To do —
Every record here should be printed again exactly.

Records drawn from a dataset
..............................

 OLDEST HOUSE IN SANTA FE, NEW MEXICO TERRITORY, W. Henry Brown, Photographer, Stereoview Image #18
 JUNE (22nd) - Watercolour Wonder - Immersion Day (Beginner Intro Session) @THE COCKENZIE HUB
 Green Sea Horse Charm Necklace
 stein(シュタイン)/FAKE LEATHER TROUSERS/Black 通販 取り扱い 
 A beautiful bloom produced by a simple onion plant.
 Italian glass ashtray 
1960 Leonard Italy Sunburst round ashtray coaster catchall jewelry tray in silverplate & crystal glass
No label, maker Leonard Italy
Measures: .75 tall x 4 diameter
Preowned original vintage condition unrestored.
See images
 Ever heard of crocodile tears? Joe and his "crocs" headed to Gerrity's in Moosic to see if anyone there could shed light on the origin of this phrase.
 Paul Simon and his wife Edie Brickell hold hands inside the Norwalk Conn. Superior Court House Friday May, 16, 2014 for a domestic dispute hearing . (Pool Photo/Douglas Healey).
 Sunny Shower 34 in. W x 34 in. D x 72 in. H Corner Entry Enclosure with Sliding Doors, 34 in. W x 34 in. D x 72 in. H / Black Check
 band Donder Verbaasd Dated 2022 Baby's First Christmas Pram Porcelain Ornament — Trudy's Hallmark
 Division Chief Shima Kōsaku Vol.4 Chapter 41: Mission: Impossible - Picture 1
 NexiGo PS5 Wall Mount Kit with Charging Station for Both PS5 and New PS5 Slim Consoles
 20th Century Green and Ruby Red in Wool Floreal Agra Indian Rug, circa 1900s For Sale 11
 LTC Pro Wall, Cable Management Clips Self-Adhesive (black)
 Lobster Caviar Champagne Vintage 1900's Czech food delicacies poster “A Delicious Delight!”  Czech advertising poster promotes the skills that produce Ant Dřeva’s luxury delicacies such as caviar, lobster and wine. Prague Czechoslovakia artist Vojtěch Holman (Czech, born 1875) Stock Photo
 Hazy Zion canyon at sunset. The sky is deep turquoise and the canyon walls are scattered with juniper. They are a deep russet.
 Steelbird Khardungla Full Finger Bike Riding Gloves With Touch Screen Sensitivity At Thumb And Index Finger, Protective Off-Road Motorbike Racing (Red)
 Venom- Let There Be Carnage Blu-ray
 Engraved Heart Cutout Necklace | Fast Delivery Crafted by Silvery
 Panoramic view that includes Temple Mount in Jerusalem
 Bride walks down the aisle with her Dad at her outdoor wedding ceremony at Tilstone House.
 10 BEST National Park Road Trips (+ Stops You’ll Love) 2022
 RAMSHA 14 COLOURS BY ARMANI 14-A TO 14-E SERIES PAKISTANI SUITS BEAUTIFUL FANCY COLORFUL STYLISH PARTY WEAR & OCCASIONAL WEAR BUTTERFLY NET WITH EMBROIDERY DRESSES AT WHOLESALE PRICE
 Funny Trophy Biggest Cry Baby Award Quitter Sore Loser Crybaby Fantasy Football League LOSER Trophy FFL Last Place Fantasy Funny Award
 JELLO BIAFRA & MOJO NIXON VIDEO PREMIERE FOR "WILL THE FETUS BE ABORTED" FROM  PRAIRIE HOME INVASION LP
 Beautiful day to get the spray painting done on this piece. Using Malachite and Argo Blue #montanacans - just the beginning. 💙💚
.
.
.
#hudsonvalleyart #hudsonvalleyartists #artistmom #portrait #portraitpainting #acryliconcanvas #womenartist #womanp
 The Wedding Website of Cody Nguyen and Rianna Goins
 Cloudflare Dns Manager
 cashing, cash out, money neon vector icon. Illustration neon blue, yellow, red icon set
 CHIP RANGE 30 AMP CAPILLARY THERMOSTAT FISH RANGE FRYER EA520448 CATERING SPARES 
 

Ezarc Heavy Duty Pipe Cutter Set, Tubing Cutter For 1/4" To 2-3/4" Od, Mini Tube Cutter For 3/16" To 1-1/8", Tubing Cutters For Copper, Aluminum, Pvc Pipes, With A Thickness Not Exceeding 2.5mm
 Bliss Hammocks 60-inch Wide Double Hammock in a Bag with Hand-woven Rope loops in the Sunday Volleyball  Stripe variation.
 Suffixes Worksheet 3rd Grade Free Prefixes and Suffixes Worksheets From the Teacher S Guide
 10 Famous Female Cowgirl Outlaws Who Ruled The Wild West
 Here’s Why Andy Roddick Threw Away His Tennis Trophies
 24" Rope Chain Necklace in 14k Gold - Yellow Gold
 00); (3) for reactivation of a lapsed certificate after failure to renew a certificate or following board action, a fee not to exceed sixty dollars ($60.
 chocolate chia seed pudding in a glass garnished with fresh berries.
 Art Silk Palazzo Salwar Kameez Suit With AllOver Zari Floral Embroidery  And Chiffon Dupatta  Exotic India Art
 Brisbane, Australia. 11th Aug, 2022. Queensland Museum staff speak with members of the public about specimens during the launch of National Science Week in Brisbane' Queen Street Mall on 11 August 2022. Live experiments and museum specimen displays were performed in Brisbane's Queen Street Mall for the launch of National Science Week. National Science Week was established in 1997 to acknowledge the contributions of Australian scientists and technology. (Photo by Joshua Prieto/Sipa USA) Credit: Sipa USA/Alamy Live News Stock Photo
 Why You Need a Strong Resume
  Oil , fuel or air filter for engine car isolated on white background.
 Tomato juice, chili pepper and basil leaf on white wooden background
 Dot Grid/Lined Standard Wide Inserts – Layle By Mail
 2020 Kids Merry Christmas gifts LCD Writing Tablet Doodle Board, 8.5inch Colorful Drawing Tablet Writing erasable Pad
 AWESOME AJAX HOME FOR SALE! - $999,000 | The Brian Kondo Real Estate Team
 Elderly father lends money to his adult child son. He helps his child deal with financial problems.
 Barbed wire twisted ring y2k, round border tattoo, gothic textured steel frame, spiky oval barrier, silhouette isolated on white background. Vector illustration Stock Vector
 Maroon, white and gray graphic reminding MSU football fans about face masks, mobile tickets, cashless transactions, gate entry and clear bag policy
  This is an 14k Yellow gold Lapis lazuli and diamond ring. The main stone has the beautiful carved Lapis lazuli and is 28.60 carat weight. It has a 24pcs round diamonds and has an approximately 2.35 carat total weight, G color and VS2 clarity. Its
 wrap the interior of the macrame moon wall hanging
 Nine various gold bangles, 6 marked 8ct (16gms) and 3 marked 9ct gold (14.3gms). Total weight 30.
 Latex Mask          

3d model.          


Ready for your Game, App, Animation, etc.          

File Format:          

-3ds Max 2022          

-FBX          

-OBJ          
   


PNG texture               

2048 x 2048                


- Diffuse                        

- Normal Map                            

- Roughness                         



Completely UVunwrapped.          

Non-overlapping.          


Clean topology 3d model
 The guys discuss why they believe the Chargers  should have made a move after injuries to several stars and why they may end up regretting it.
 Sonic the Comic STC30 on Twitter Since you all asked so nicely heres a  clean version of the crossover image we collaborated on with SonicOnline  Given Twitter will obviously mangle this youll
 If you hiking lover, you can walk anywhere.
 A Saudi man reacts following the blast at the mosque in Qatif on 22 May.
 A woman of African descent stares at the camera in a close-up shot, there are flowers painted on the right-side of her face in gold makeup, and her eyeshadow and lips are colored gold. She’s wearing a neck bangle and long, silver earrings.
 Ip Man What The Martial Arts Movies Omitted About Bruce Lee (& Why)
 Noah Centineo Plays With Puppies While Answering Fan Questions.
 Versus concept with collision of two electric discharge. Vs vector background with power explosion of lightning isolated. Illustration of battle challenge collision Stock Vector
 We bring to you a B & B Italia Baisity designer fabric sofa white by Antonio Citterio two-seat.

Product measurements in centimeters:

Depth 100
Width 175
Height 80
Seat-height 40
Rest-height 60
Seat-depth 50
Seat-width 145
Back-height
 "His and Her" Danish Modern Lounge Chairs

..............................

Problem solution —
 OLDEST HOUSE IN SANTA FE, NEW MEXICO TERRITORY, W. Henry Brown, Photographer, Stereoview Image #18
 JUNE (22nd) - Watercolour Wonder - Immersion Day (Beginner Intro Session) @THE COCKENZIE HUB
 Green Sea Horse Charm Necklace
 stein(シュタイン)/FAKE LEATHER TROUSERS/Black 通販 取り扱い 
 A beautiful bloom produced by a simple onion plant.
 Italian glass ashtray 
1960 Leonard Italy Sunburst round ashtray coaster catchall jewelry tray in silverplate & crystal glass
No label, maker Leonard Italy
Measures: .75 tall x 4 diameter
Preowned original vintage condition unrestored.
See images
 Ever heard of crocodile tears? Joe and his "crocs" headed to Gerrity's in Moosic to see if anyone there could shed light on the origin of this phrase.
 Paul Simon and his wife Edie Brickell hold hands inside the Norwalk Conn. Superior Court House Friday May, 16, 2014 for a domestic dispute hearing . (Pool Photo/Douglas Healey).
 Sunny Shower 34 in. W x 34 in. D x 72 in. H Corner Entry Enclosure with Sliding Doors, 34 in. W x 34 in. D x 72 in. H / Black Check
 band Donder Verbaasd Dated 2022 Baby's First Christmas Pram Porcelain Ornament — Trudy's Hallmark
 Division Chief Shima Kōsaku Vol.4 Chapter 41: Mission: Impossible - Picture 1
 NexiGo PS5 Wall Mount Kit with Charging Station for Both PS5 and New PS5 Slim Consoles
 20th Century Green and Ruby Red in Wool Floreal Agra Indian Rug, circa 1900s For Sale 11
 LTC Pro Wall, Cable Management Clips Self-Adhesive (black)
 Lobster Caviar Champagne Vintage 1900's Czech food delicacies poster “A Delicious Delight!”  Czech advertising poster promotes the skills that produce Ant Dřeva’s luxury delicacies such as caviar, lobster and wine. Prague Czechoslovakia artist Vojtěch Holman (Czech, born 1875) Stock Photo
 Hazy Zion canyon at sunset. The sky is deep turquoise and the canyon walls are scattered with juniper. They are a deep russet.
 Steelbird Khardungla Full Finger Bike Riding Gloves With Touch Screen Sensitivity At Thumb And Index Finger, Protective Off-Road Motorbike Racing (Red)
 Venom- Let There Be Carnage Blu-ray
 Engraved Heart Cutout Necklace | Fast Delivery Crafted by Silvery
 Panoramic view that includes Temple Mount in Jerusalem
 Bride walks down the aisle with her Dad at her outdoor wedding ceremony at Tilstone House.
 10 BEST National Park Road Trips (+ Stops You’ll Love) 2022
 RAMSHA 14 COLOURS BY ARMANI 14-A TO 14-E SERIES PAKISTANI SUITS BEAUTIFUL FANCY COLORFUL STYLISH PARTY WEAR & OCCASIONAL WEAR BUTTERFLY NET WITH EMBROIDERY DRESSES AT WHOLESALE PRICE
 Funny Trophy Biggest Cry Baby Award Quitter Sore Loser Crybaby Fantasy Football League LOSER Trophy FFL Last Place Fantasy Funny Award
 JELLO BIAFRA & MOJO NIXON VIDEO PREMIERE FOR "WILL THE FETUS BE ABORTED" FROM  PRAIRIE HOME INVASION LP
 Beautiful day to get the spray painting done on this piece. Using Malachite and Argo Blue #montanacans - just the beginning. 💙💚
.
.
.
#hudsonvalleyart #hudsonvalleyartists #artistmom #portrait #portraitpainting #acryliconcanvas #womenartist #womanp
 The Wedding Website of Cody Nguyen and Rianna Goins
 Cloudflare Dns Manager
 cashing, cash out, money neon vector icon. Illustration neon blue, yellow, red icon set
 CHIP RANGE 30 AMP CAPILLARY THERMOSTAT FISH RANGE FRYER EA520448 CATERING SPARES 
 

Ezarc Heavy Duty Pipe Cutter Set, Tubing Cutter For 1/4" To 2-3/4" Od, Mini Tube Cutter For 3/16" To 1-1/8", Tubing Cutters For Copper, Aluminum, Pvc Pipes, With A Thickness Not Exceeding 2.5mm
 Bliss Hammocks 60-inch Wide Double Hammock in a Bag with Hand-woven Rope loops in the Sunday Volleyball  Stripe variation.
 Suffixes Worksheet 3rd Grade Free Prefixes and Suffixes Worksheets From the Teacher S Guide
 10 Famous Female Cowgirl Outlaws Who Ruled The Wild West
 Here’s Why Andy Roddick Threw Away His Tennis Trophies
 24" Rope Chain Necklace in 14k Gold - Yellow Gold
 00); (3) for reactivation of a lapsed certificate after failure to renew a certificate or following board action, a fee not to exceed sixty dollars ($60.
 chocolate chia seed pudding in a glass garnished with fresh berries.
 Art Silk Palazzo Salwar Kameez Suit With AllOver Zari Floral Embroidery  And Chiffon Dupatta  Exotic India Art
 Brisbane, Australia. 11th Aug, 2022. Queensland Museum staff speak with members of the public about specimens during the launch of National Science Week in Brisbane' Queen Street Mall on 11 August 2022. Live experiments and museum specimen displays were performed in Brisbane's Queen Street Mall for the launch of National Science Week. National Science Week was established in 1997 to acknowledge the contributions of Australian scientists and technology. (Photo by Joshua Prieto/Sipa USA) Credit: Sipa USA/Alamy Live News Stock Photo
 Why You Need a Strong Resume
  Oil , fuel or air filter for engine car isolated on white background.
 Tomato juice, chili pepper and basil leaf on white wooden background
 Dot Grid/Lined Standard Wide Inserts – Layle By Mail
 2020 Kids Merry Christmas gifts LCD Writing Tablet Doodle Board, 8.5inch Colorful Drawing Tablet Writing erasable Pad
 AWESOME AJAX HOME FOR SALE! - $999,000 | The Brian Kondo Real Estate Team
 Elderly father lends money to his adult child son. He helps his child deal with financial problems.
 Barbed wire twisted ring y2k, round border tattoo, gothic textured steel frame, spiky oval barrier, silhouette isolated on white background. Vector illustration Stock Vector
 Maroon, white and gray graphic reminding MSU football fans about face masks, mobile tickets, cashless transactions, gate entry and clear bag policy
  This is an 14k Yellow gold Lapis lazuli and diamond ring. The main stone has the beautiful carved Lapis lazuli and is 28.60 carat weight. It has a 24pcs round diamonds and has an approximately 2.35 carat total weight, G color and VS2 clarity. Its
 wrap the interior of the macrame moon wall hanging
 Nine various gold bangles, 6 marked 8ct (16gms) and 3 marked 9ct gold (14.3gms). Total weight 30.
 Latex Mask          

3d model.          


Ready for your Game, App, Animation, etc.          

File Format:          

-3ds Max 2022          

-FBX          

-OBJ          
   


PNG texture               

2048 x 2048                


- Diffuse                        

- Normal Map                            

- Roughness                         



Completely UVunwrapped.          

Non-overlapping.          


Clean topology 3d model
 The guys discuss why they believe the Chargers  should have made a move after injuries to several stars and why they may end up regretting it.
 Sonic the Comic STC30 on Twitter Since you all asked so nicely heres a  clean version of the crossover image we collaborated on with SonicOnline  Given Twitter will obviously mangle this youll
 If you hiking lover, you can walk anywhere.
 A Saudi man reacts following the blast at the mosque in Qatif on 22 May.
 A woman of African descent stares at the camera in a close-up shot, there are flowers painted on the right-side of her face in gold makeup, and her eyeshadow and lips are colored gold. She’s wearing a neck bangle and long, silver earrings.
 Ip Man What The Martial Arts Movies Omitted About Bruce Lee (& Why)
 Noah Centineo Plays With Puppies While Answering Fan Questions.
 Versus concept with collision of two electric discharge. Vs vector background with power explosion of lightning isolated. Illustration of battle challenge collision Stock Vector
 We bring to you a B & B Italia Baisity designer fabric sofa white by Antonio Citterio two-seat.

Product measurements in centimeters:

Depth 100
Width 175
Height 80
Seat-height 40
Rest-height 60
Seat-depth 50
Seat-width 145
Back-height
 "His and Her" Danish Modern Lounge Chairs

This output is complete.